### DATA EXCERPTS
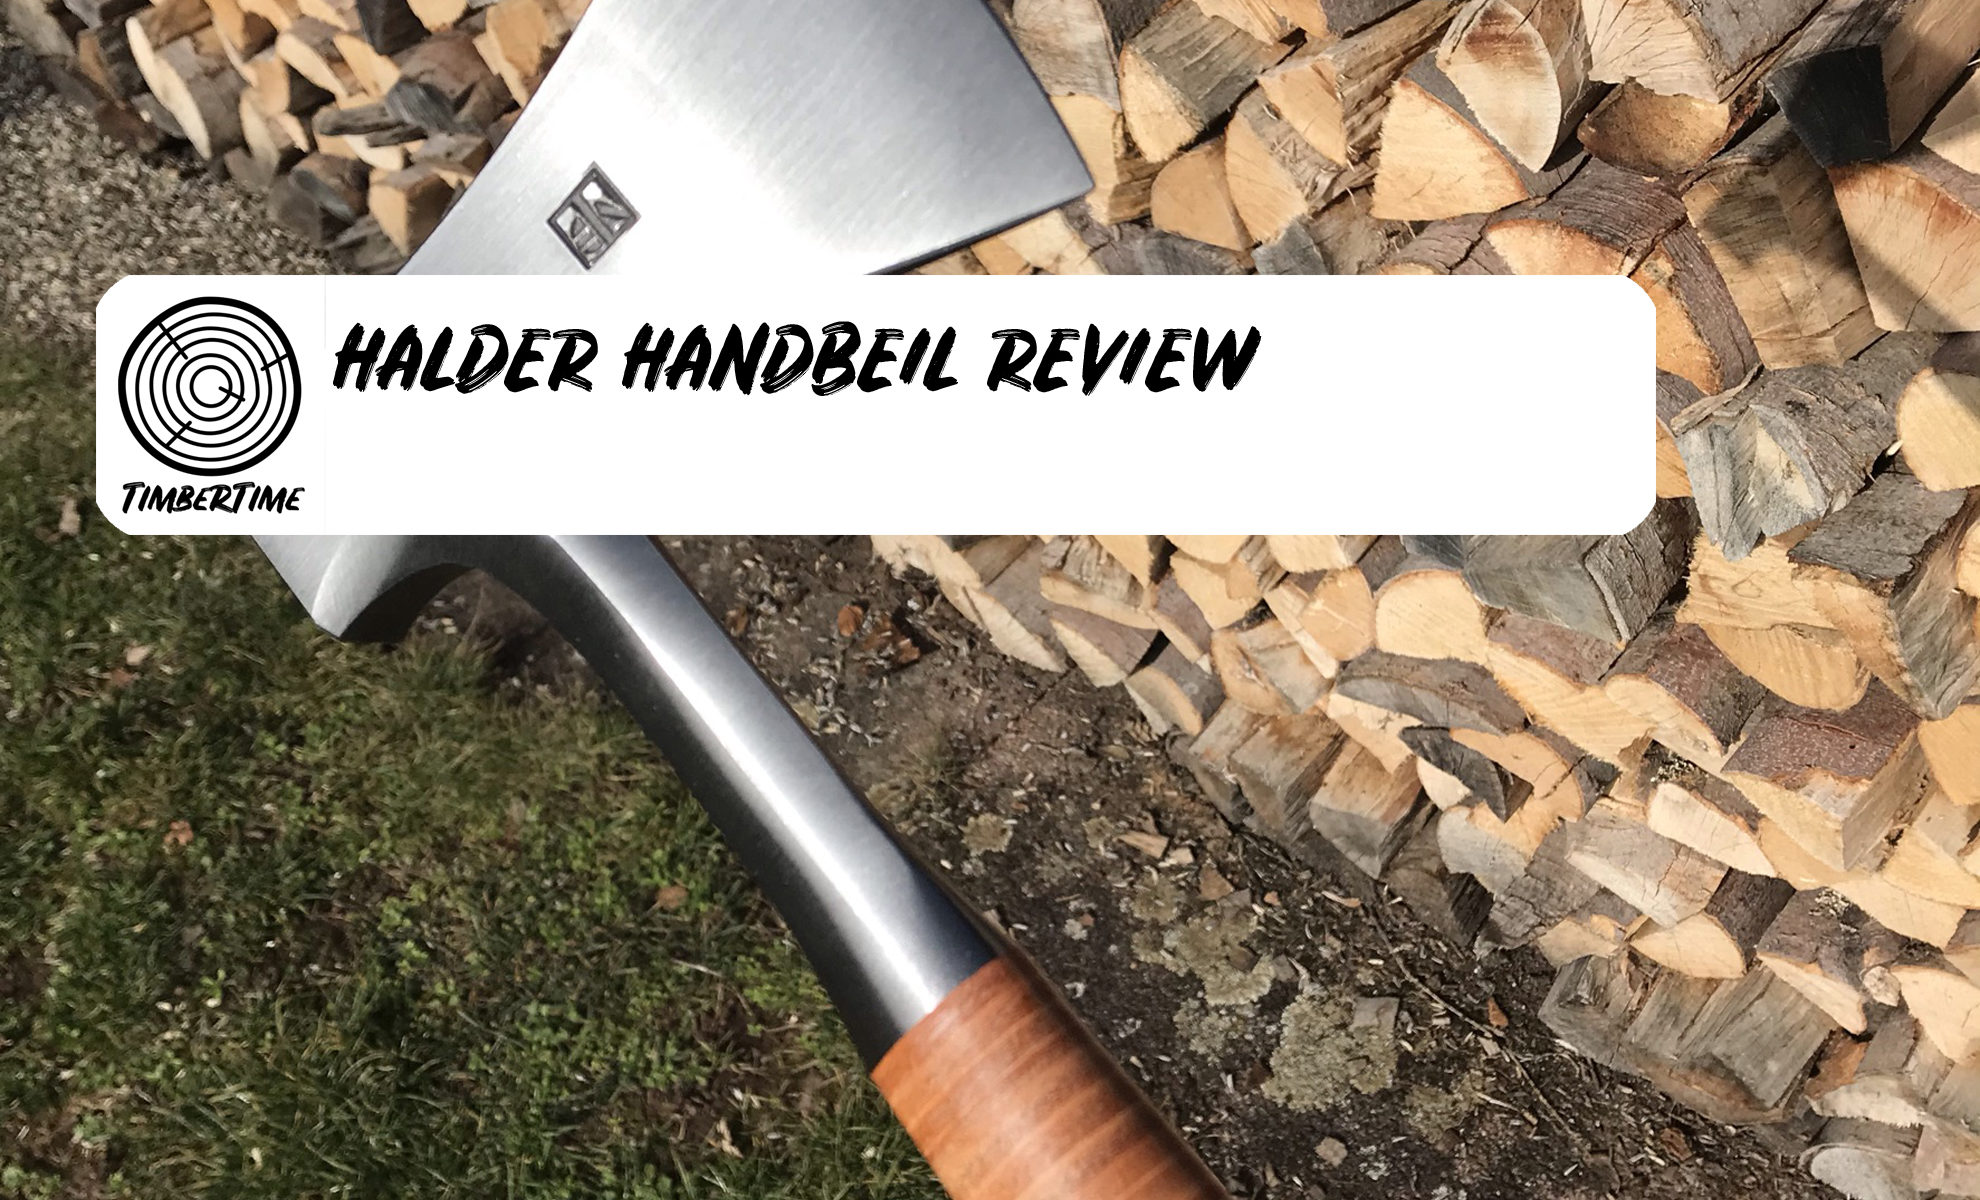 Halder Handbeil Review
--
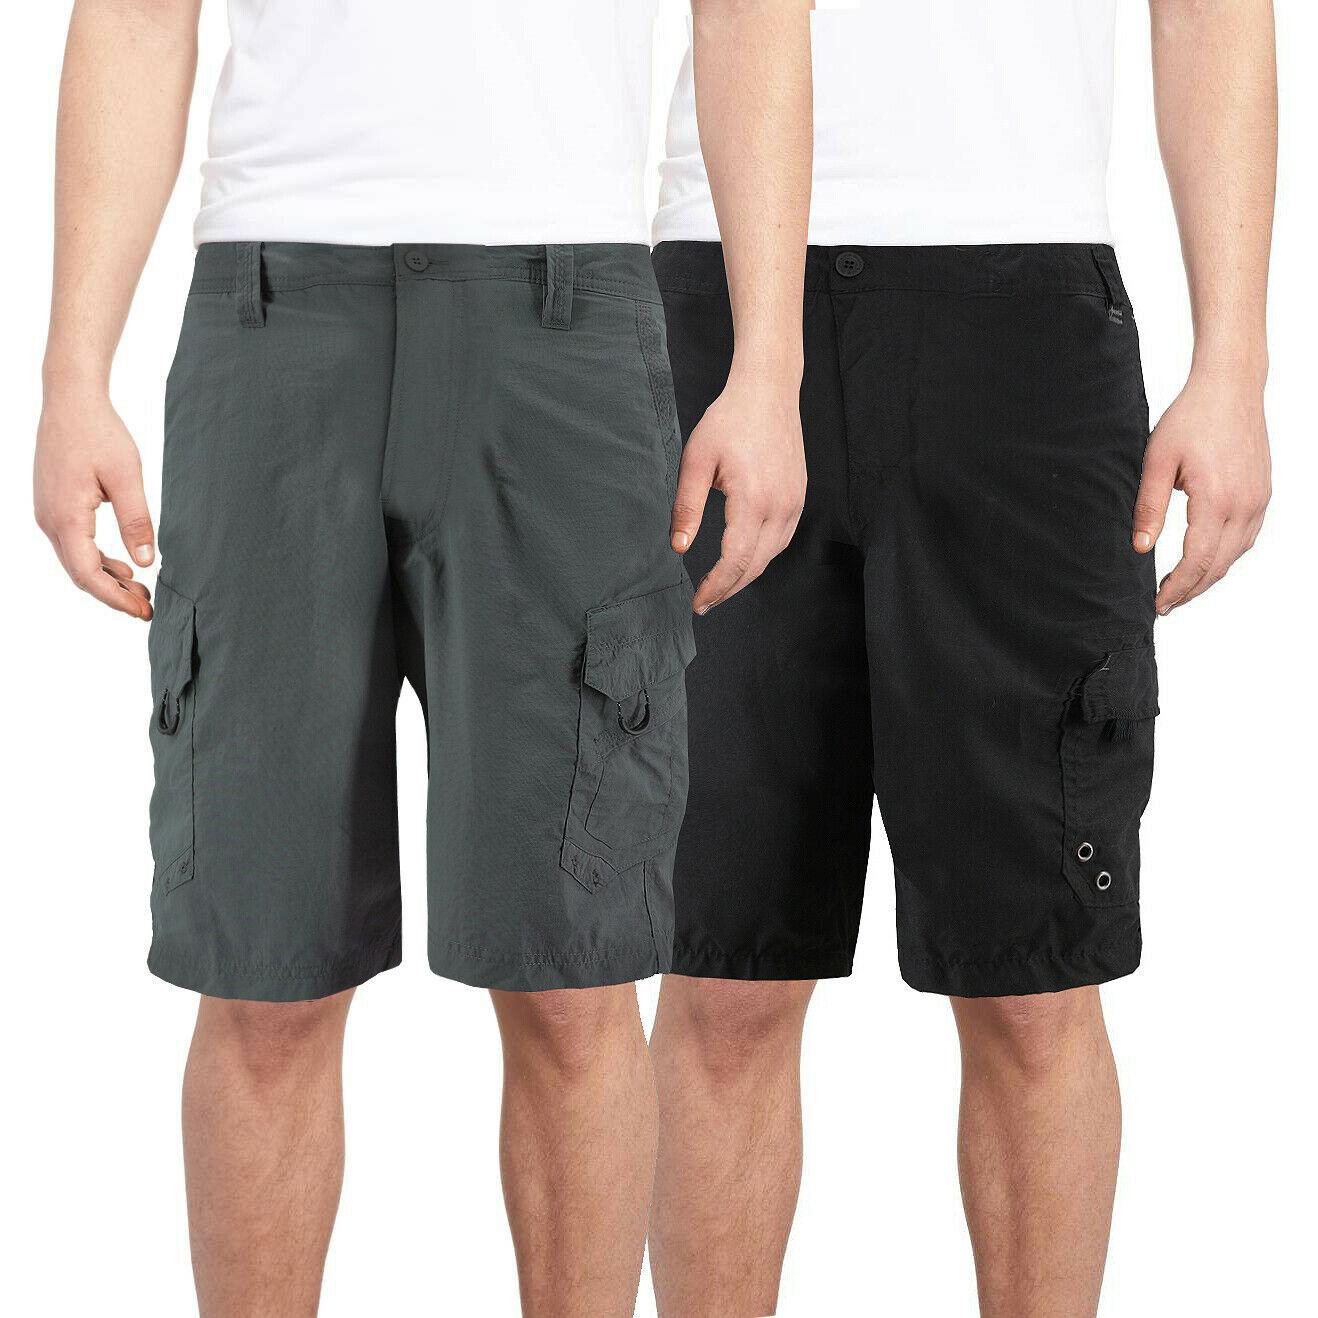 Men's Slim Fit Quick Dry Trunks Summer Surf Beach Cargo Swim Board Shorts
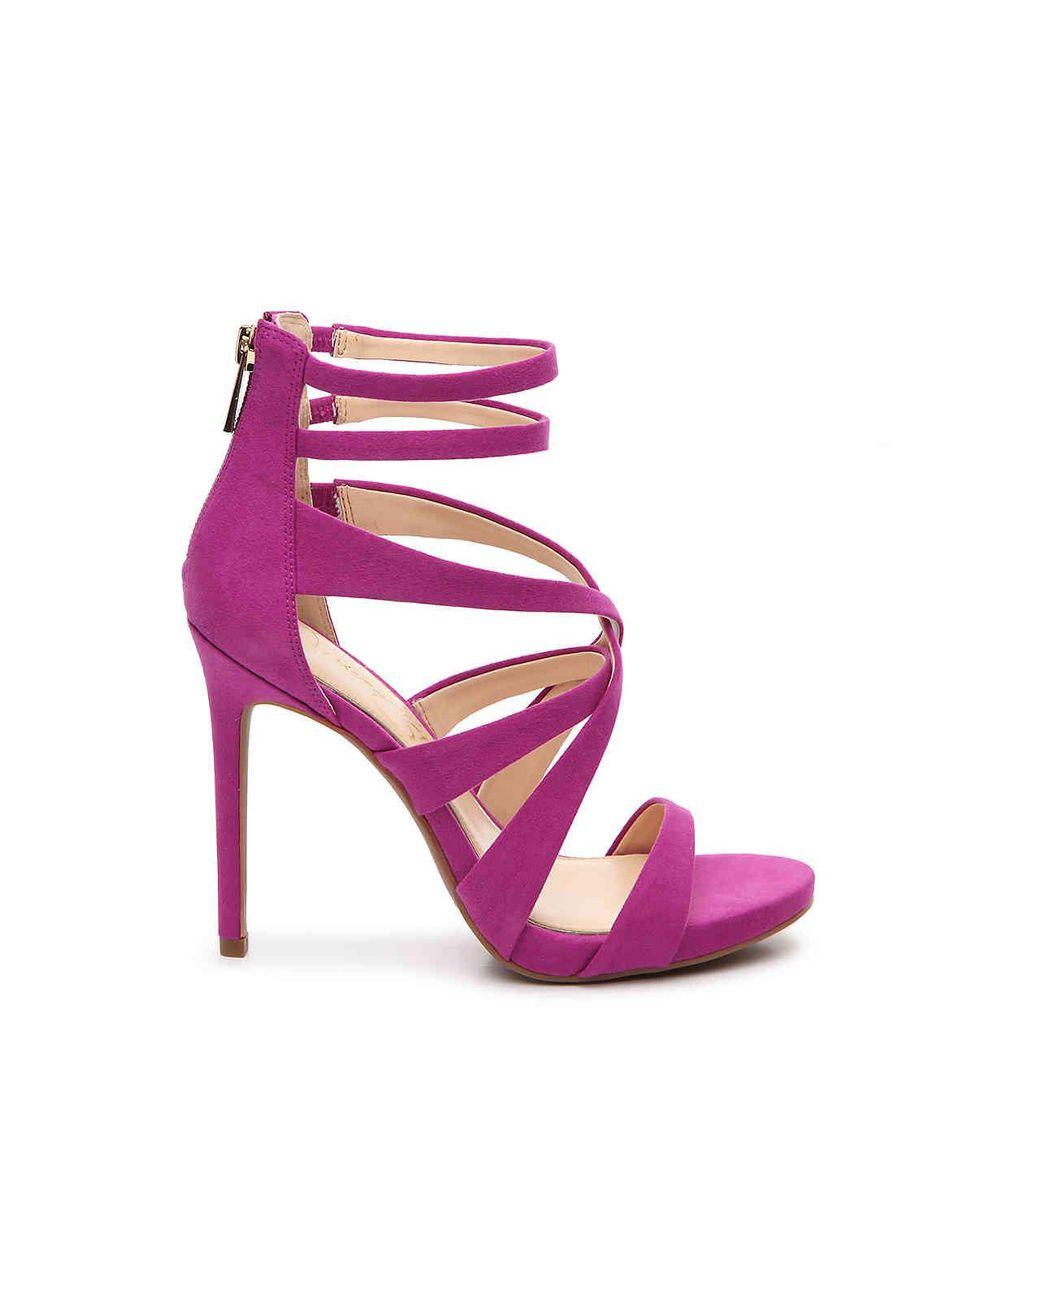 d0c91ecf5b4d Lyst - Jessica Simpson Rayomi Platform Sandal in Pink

### GOAL OF THE EXERCISE
Although the records above contain pictures, the copy should not; retype exactly the lines from the one containing "Men's Slim Fit" through the one containing "d0c91ecf5b4d Lyst - Jessica".

### WORKED SOLUTION
 Men's Slim Fit Quick Dry Trunks Summer Surf Beach Cargo Swim Board Shorts
 d0c91ecf5b4d Lyst - Jessica Simpson Rayomi Platform Sandal in Pink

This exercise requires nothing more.